## EXERCISE OBJECTIVE
Copy every line of the data below exactly as given, except for the pictures.

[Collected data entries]
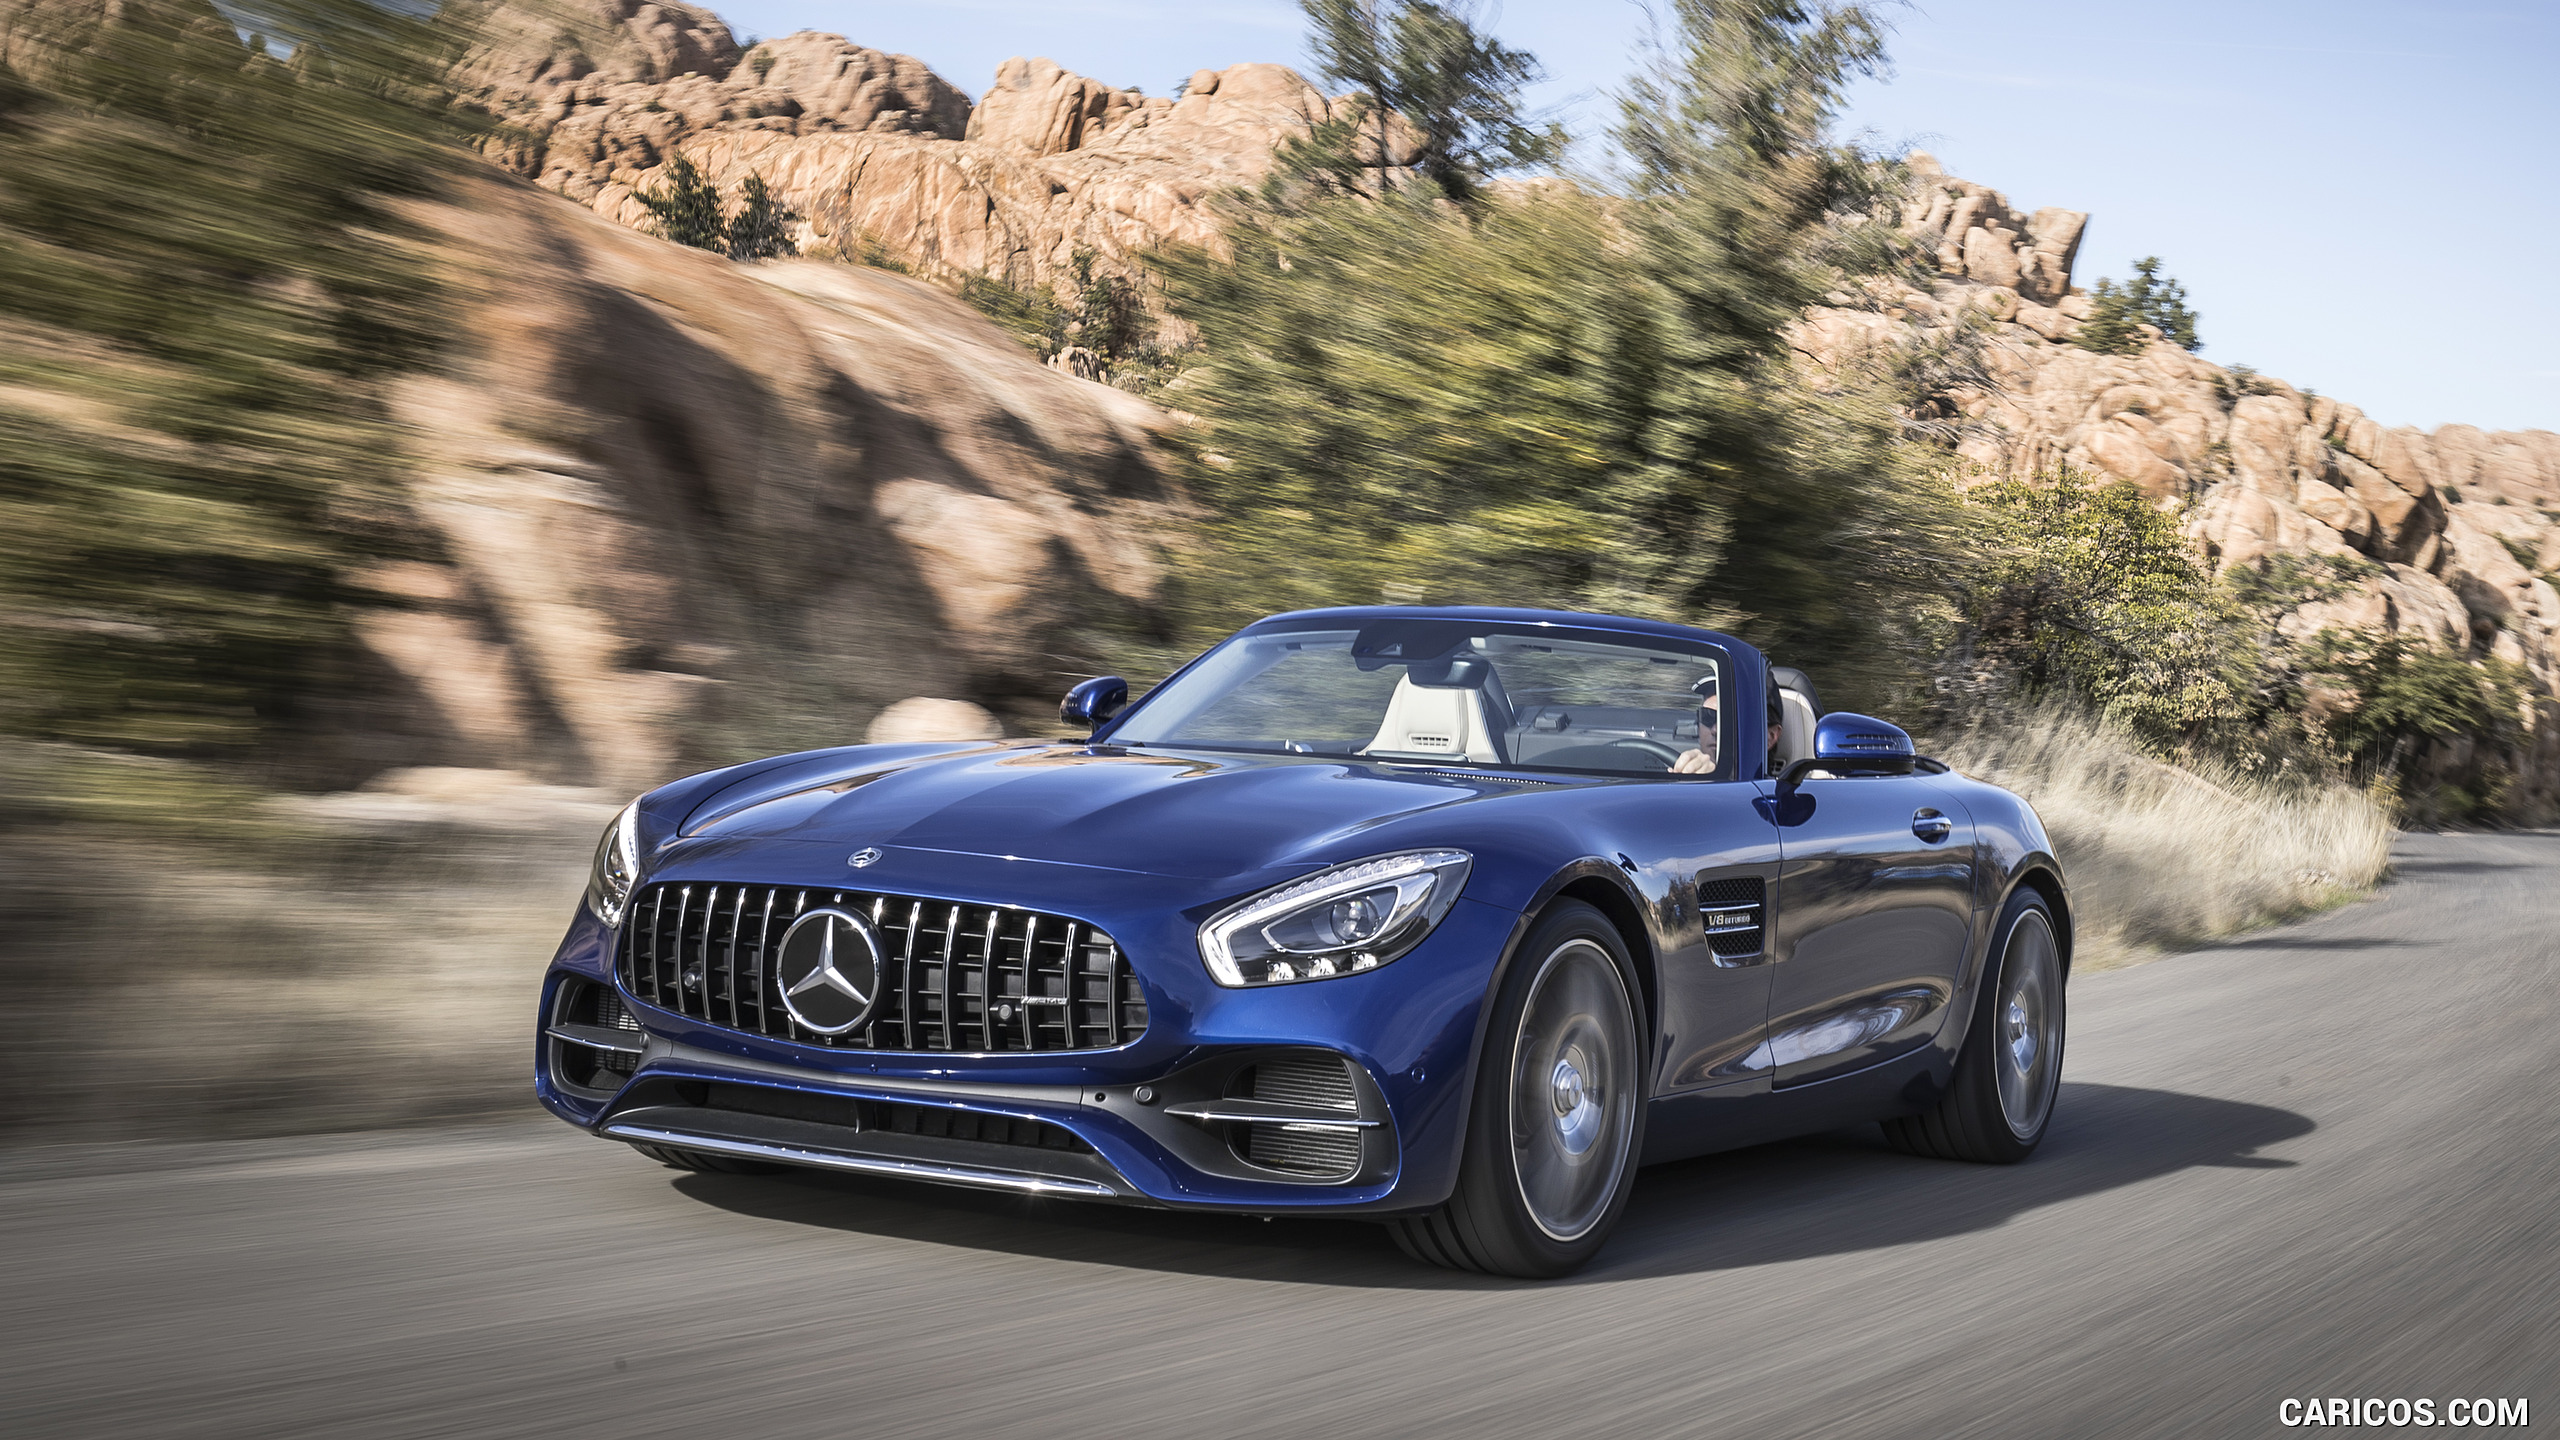 2018 Mercedes-AMG GT Roadster - Front Three-Quarter, #131 of 350
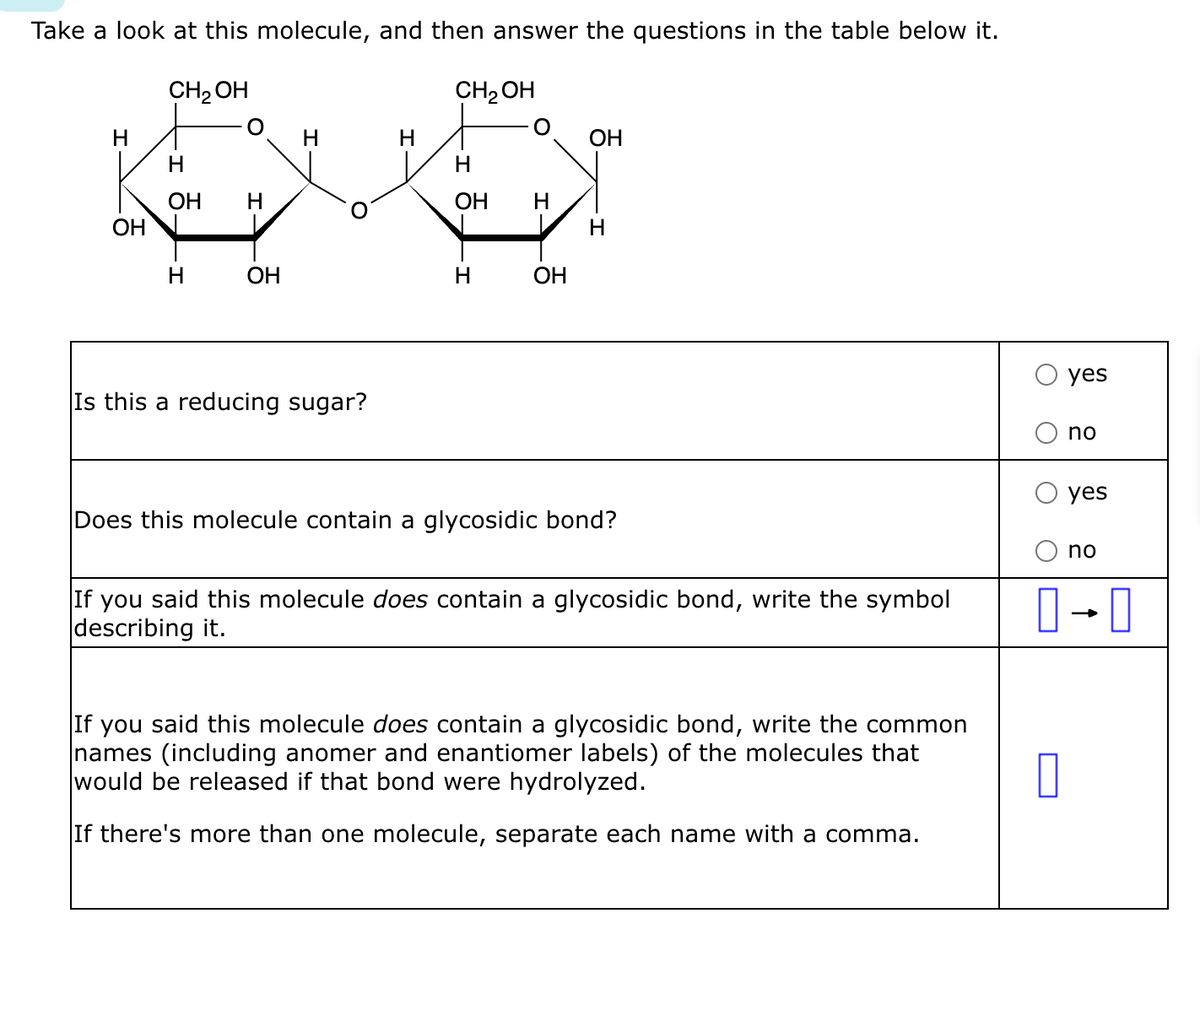 Take a look at this molecule, and then answer the questions in the table below it.
CH₂OH
H
OH
H
OH
H
H
OH
H
Is this a reducing sugar?
H
CH₂OH
OH
H
H
OH
OH
H
Does this molecule contain a glycosidic bond?
If you said this molecule does contain a glycosidic bond, write the symbol
describing it.
If you said this molecule does contain a glycosidic bond, write the common
names (including anomer and enantiomer labels) of the molecules that
would be released if that bond were hydrolyzed.
If there's more than one molecule, separate each name with a comma.
yes
0
no
yes
no
0-0

## EXERCISE RESPONSE
 2018 Mercedes-AMG GT Roadster - Front Three-Quarter, #131 of 350
 Take a look at this molecule, and then answer the questions in the table below it.
CH₂OH
H
OH
H
OH
H
H
OH
H
Is this a reducing sugar?
H
CH₂OH
OH
H
H
OH
OH
H
Does this molecule contain a glycosidic bond?
If you said this molecule does contain a glycosidic bond, write the symbol
describing it.
If you said this molecule does contain a glycosidic bond, write the common
names (including anomer and enantiomer labels) of the molecules that
would be released if that bond were hydrolyzed.
If there's more than one molecule, separate each name with a comma.
yes
0
no
yes
no
0-0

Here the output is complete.